The second challenge that hyper-convergence solves is that it fundamentally tears down silos within a business. As with any disruptive technology, its implementation is no longer a technology-only discussion, it becomes a people and process transformation, and sadly people resist change when they feel threatened. Hyper-convergence demolishes the silos that are often created within a company’s IT department and empowers the virtualisation administrator to become the “network guy” and the “storage guy”. This means that the business can consume the virtual machine at the same speed that they could procure it from a public cloud provider. Concepts such a RAID, LUN masking and zoning of the storage inside the device no longer exist, so these resources within the business can be redeployed to alternative projects which greatly reduces operational costs within a business. This is a fundamental shift as the software is driving the hardware, making the solution infinitely scalable. This now enables companies to reach the nirvana state of deploying a software-defined data centre.

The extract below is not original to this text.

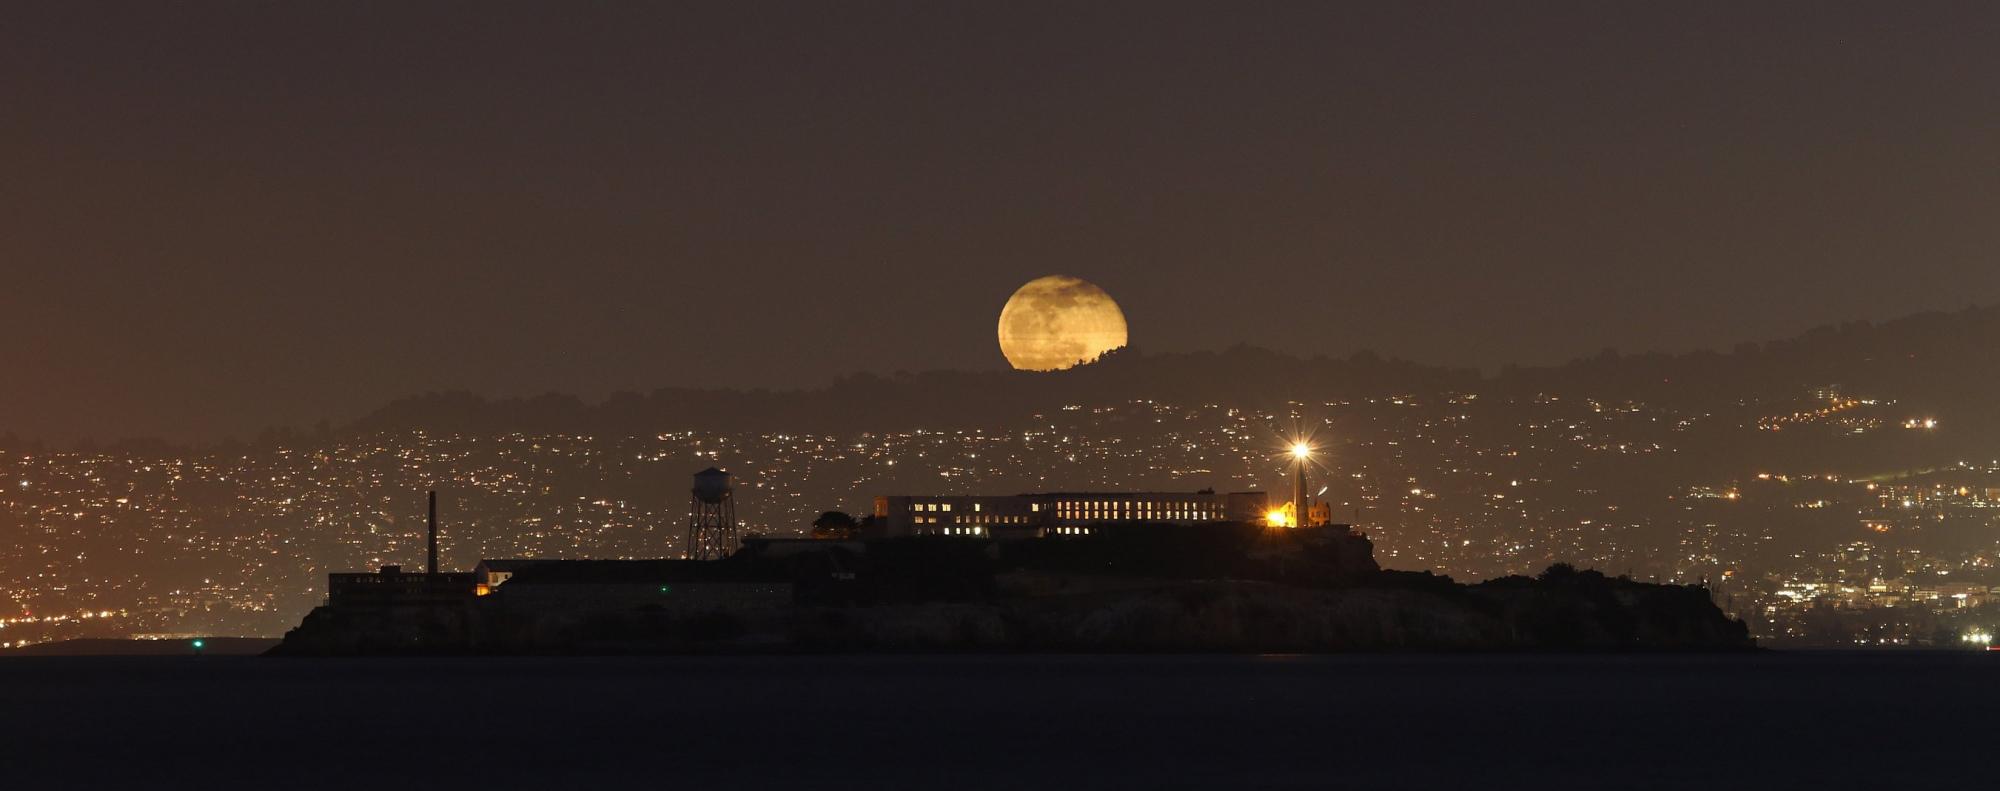 lever alcatraz paysage 50%.jpg

As a rule, managing infrastructure can be boring and quite unfulfilling, but fortunately hyper-convergence addresses this issue as essentially, the form factor has been condensed from the traditional three-tier architecture into a single 1U or 2U appliance. This means that the software can now interact directly with the underlying hardware without ever needing to leave the chassis – the virtual machine performance is operating at a speed that has never been experienced before.

In the past when virtualisation was developed in the traditional way of deploying infrastructure, it didn’t take into account the legacy NAS and SAN storage subsystems, something that became the bottleneck of any virtualised deployment, especially in the deployment of a Virtual Desktop Infrastructure (VDI). The general solution to this poorly-performing environment was to throw more fabric interconnects at it, or deploy a full flash array which proved to be complex and expensive. This also didn’t bring a permanent solution to the problem either and so the cycle of deploying larger flash arrays just kept repeating itself.

Looking at the traditional “cloud pyramid”, the foundation of this is Infrastructure-as-a-Service, the middle part is Platform-as-a-Service, and the very top part is Software-as-a-Service. As one moves up the value chain of the pyramid, so business value is increased. Cloud only makes sense at the PAAS and SAAS layer, but they are reliant on the underlying IAAS layer. Hyper-convergence once again leaps to the fore as it provides a robust foundation in a self-healing, easily scalable way.

Thus, the question of the moment is, if you are not deploying hyper-converged systems in your own data centres, what are you doing? The recent listing of one of the major hyper-converged companies was met incredibly well by the market, showing that it is ready to embrace the technology and that now is the time to jump onto the wave.